13 July 2017
WHEN Jade Sallis was 21, she was working full time in McDonald’s and thought she didn’t have the intelligence to go to university.
But the 25-year-old from Pontypool has just graduated from the University of South Wales (USW) with a Psychology and Counselling degree and has already secured a full-time job.
Having decided that she wasn’t going to study for A-levels after leaving school, Jade started work at McDonald’s, while also attending college, and eventually worked her way up to manager. But she decided that she wanted to take a different route.
“I knew I didn't want to carry on doing that forever, so made the decision to go to university full time and just work one day a week,” she said.
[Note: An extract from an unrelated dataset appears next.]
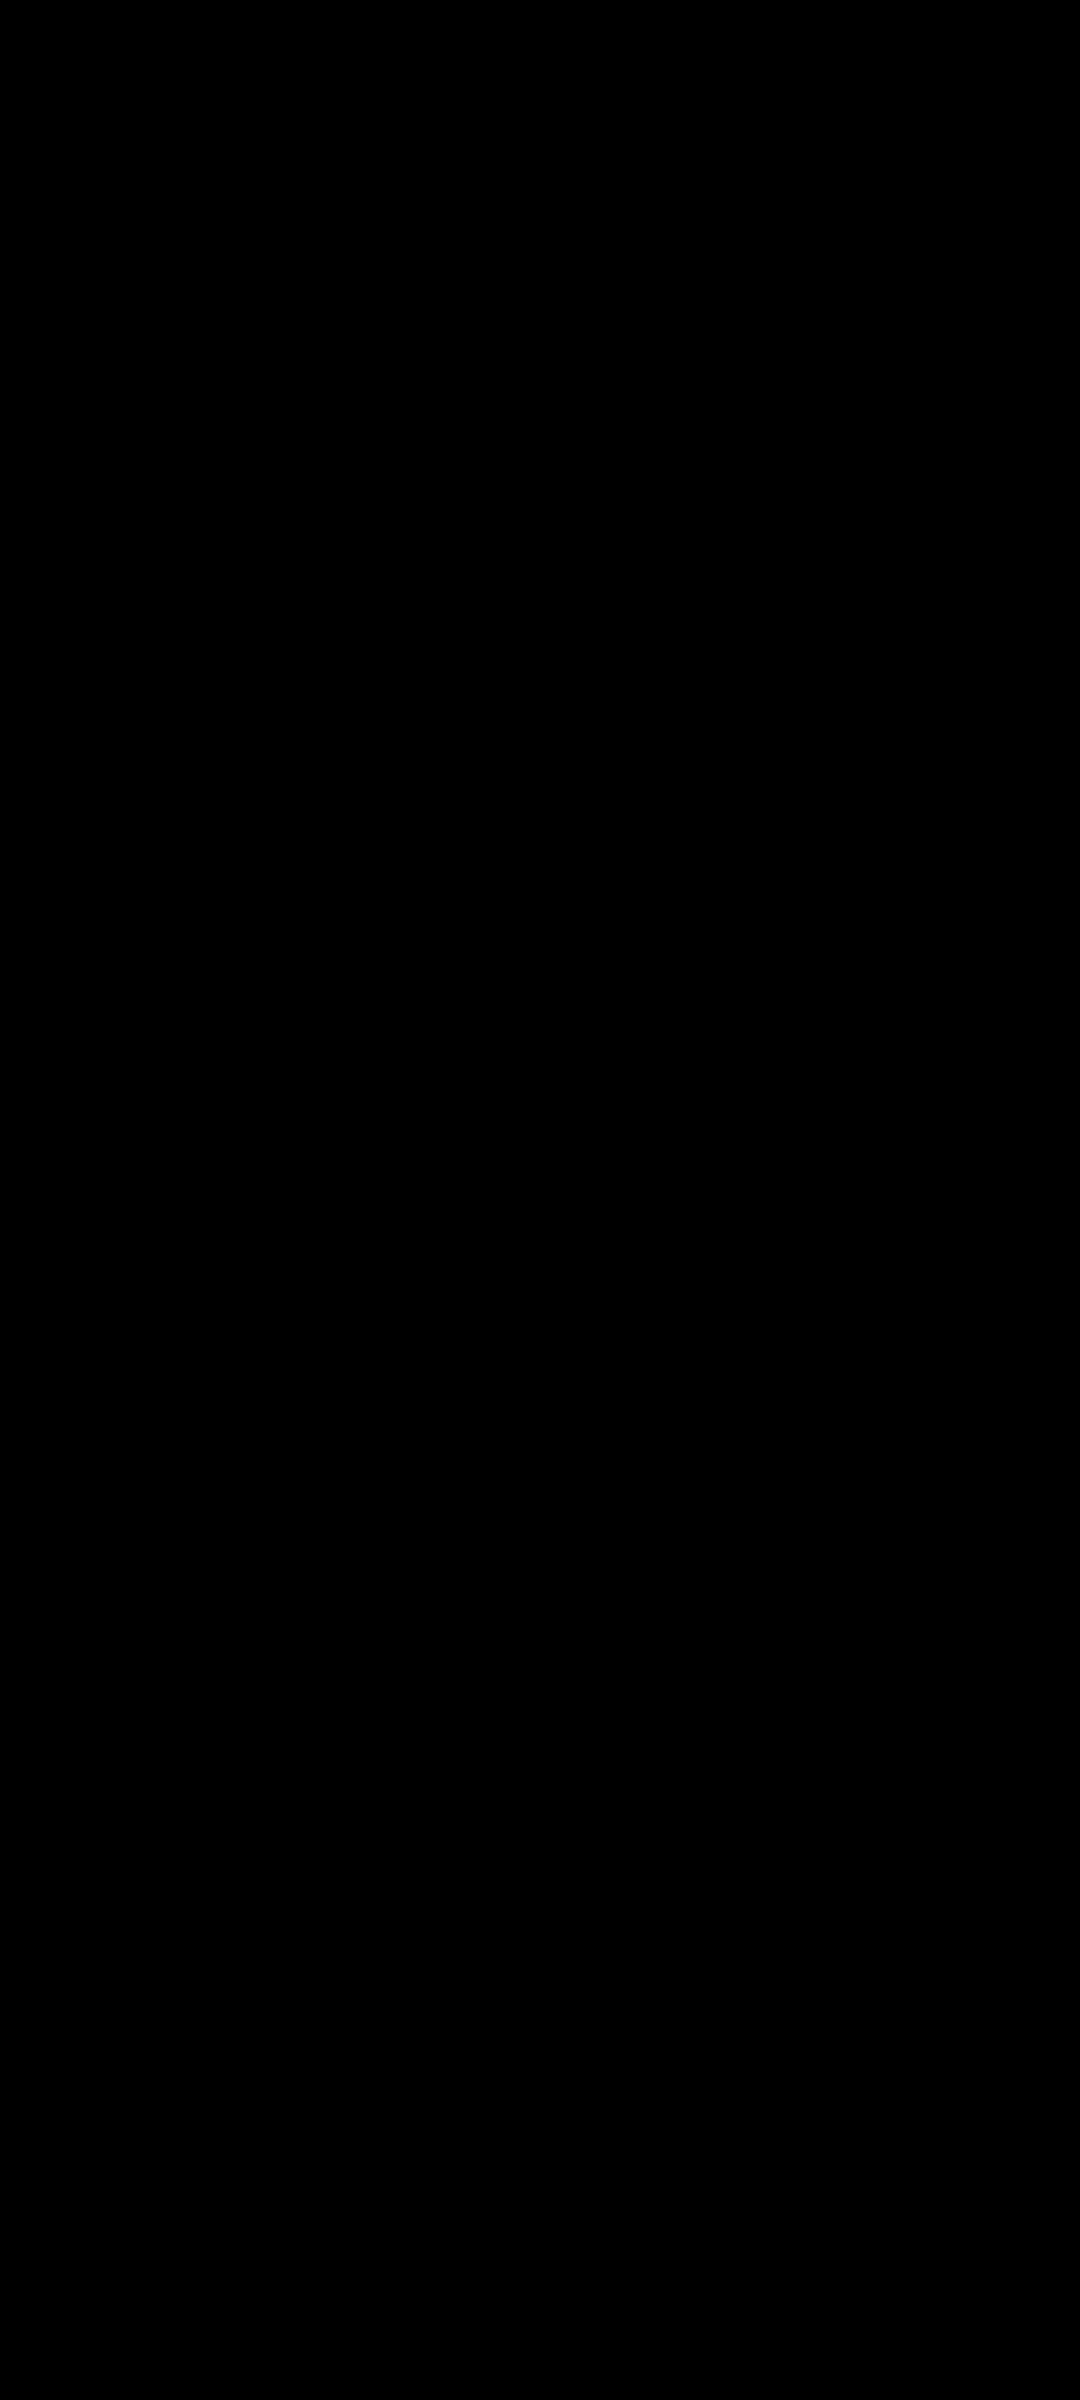 ナポリタン寿司が作成した黒の背景画像

However, having made the decision to go into higher education, Jade wasn’t sure she could follow her dream.
“Because I did not study A-levels at college, I thought I'd have to do two years before starting my degree course, thought I was too old, being 22 at the time, and not intelligent enough for University,” she said.
But Jade discovered that nothing was further from the truth.
“I went to an open day and learnt all about the access and foundation courses available, and decided to do social studies,” she said.
“This was only for one year, and gave me the qualifications to secure a place on a degree course. I also met lots of people of many different ages and backgrounds, which really helped to build my confidence.
Jade added that the one-year course also helped her decide that she wanted to pursue her love of psychology, after previously gained a qualification in counselling skills.
“I was thrilled that the Psychology and Counselling degree became British Psychological Society accredited. It was an extra reason to follow my dream,” she said.
“Psychology is a very broad area, so knew that I would learn and find out what aspects I enjoyed most, and the counselling modules have given me a stepping stone if I want to pursue them in the future.”
Having changed direction, Jade threw herself into her study, and decided she wanted to get some first-hand experience of the work she would be doing once she graduated.
“Alongside of my degree, I started volunteering with TorfaenMind for one day a week at the end of my first year,” she explained. “I carried this on throughout my years of study.
“The placement was not a compulsory part of my course, but I wanted to boost my job prospects in every way possible.
“I gained so much experience working in a mental health charity, which covers a massive area of support, and last summer was able to shadow an employee to get a better understanding of their work.”
The volunteering really paid off for Jade, who bagged her dream job before she had even graduated.
“In April, Mind offered me a full-time job as First Contact and Support Worker, I was over the moon,” she said.
“Although finishing my dissertation at the same time was hard, I had finished all my lectures so managed to get through it. I have also completed the Suicide Assist Course, Understanding Eating Disorders and Sexual Violence Training through my job, and am still learning which areas I enjoy.”
And Jade has some good advice for people who think that attending university could be for them.
“This course changed my life and put me on to a stable, salaried job with brilliant co-workers and employees,” she said.
“I would recommend anyone who isn't sure which exact area of counselling or psychology they want to study to follow this course as it gives so many opportunities, and …. volunteer! It shows hard work and determination, and the best part was it only took me five hours a week, so my studies did not suffer.
“I am interested in studying a Masters or postgraduate qualification, but not sure what in yet, so I'm going to enjoy spending my wages for a year first.
“I have gone straight into a full-time job and booked a two-week holiday to the Caribbean as my reward for four years of hard work paying off.”